The United Nations (UN) has issued a warning about the explosion of the global drug market, marked by a sharp rise in new synthetic drugs, cocaine, and methamphetamine. Drug trafficking gangs are taking advantage of global instability to penetrate new markets, according to the World Drug Report released Friday by the United Nations Office on Drugs and Crime (UNODC).
The report stresses that both new and established drugs are proliferating, filling the void left by the Taliban's ban on opium poppy cultivation in Afghanistan. UNODC Executive Director Monica Juma stated: 'We are witnessing an unprecedented increase in new drugs entering the market, and alarmingly, some are more potent or dangerous than before.'
According to the report, the number of drug types discovered in 2024 was five times higher than just four years earlier, as manufacturers continuously invent new synthetic drugs to evade detection. The UN recorded 755 novel psychoactive substances (NPS) in circulation in 2024, with 118 reported for the first time.
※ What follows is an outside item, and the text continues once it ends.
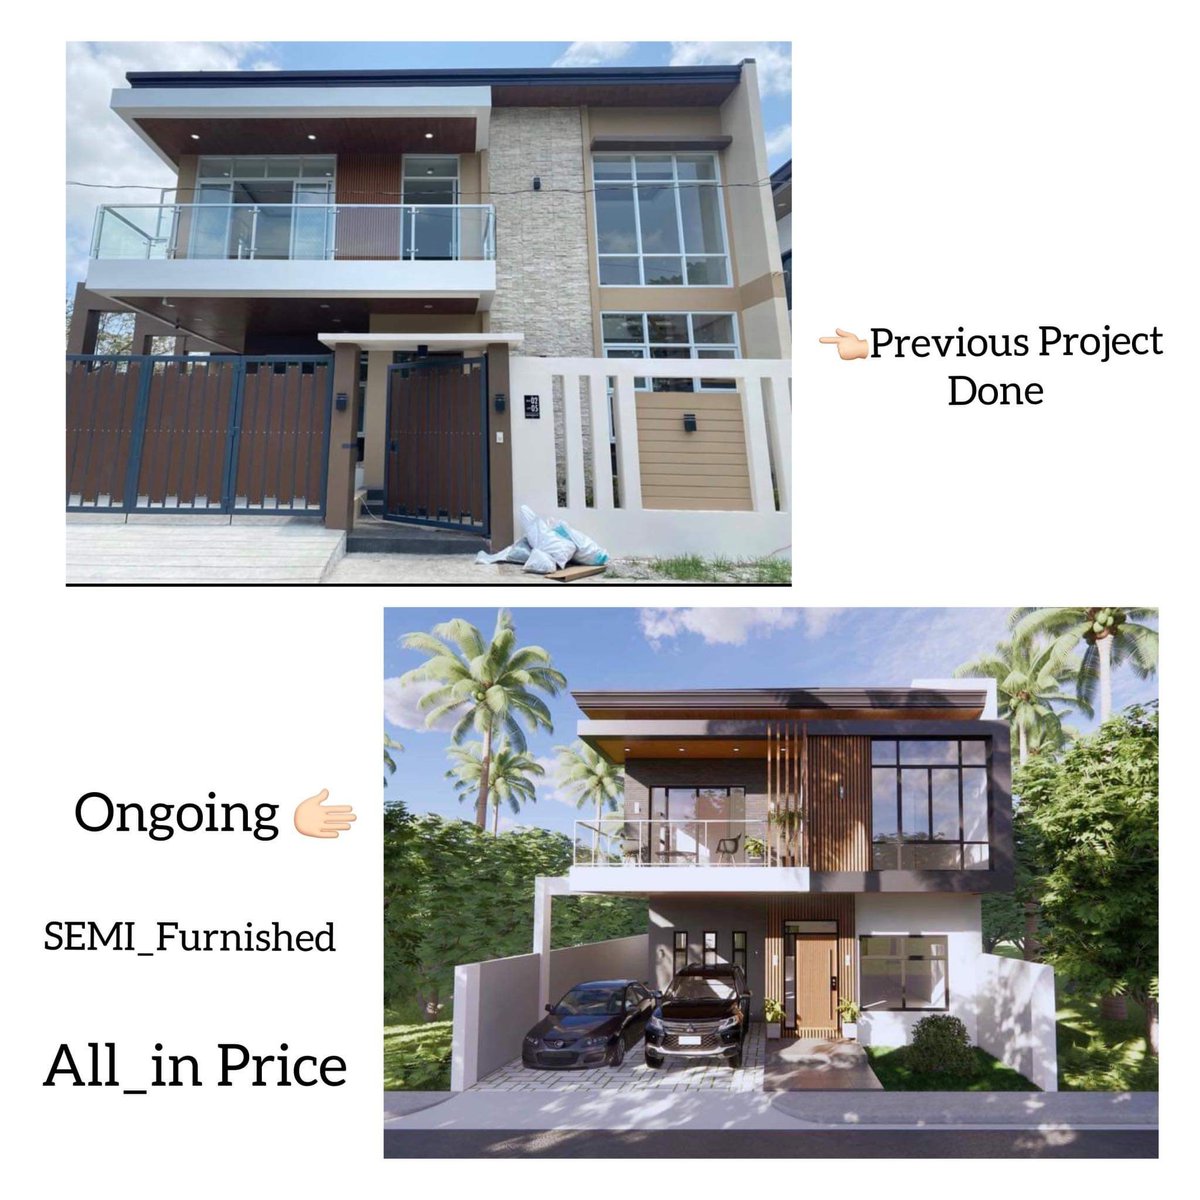 5-bedroom Single Attached House For Sale in Taytay Rizal

This surge comes as heroin production and use remain impacted by the Taliban's 2022 opium ban in Afghanistan. This has driven the growing popularity of synthetic opioids such as fentanyl, nitazenes, and orphines—which are more potent and easier to produce. UNODC warns this could cause a permanent shift in the global market and increase risks to users.
Methamphetamine trafficking is estimated to be growing 13% annually based on seizure volumes. New routes and the spread of production have created fresh markets, particularly in Africa, the Near and Middle East, and parts of Europe. The fall of the Assad regime in Syria in 2024 disrupted the Captagon market and drove up prices, leading the UN to fear users may switch from this amphetamine-type stimulant to methamphetamine.
Cocaine production has hit an all-time high, quadrupling over a decade to exceed 4,000 metric tons of pure cocaine in 2024. Organized crime groups continue to boost consumption in both traditional and emerging markets to expand their customer base, while quality improves and prices fall.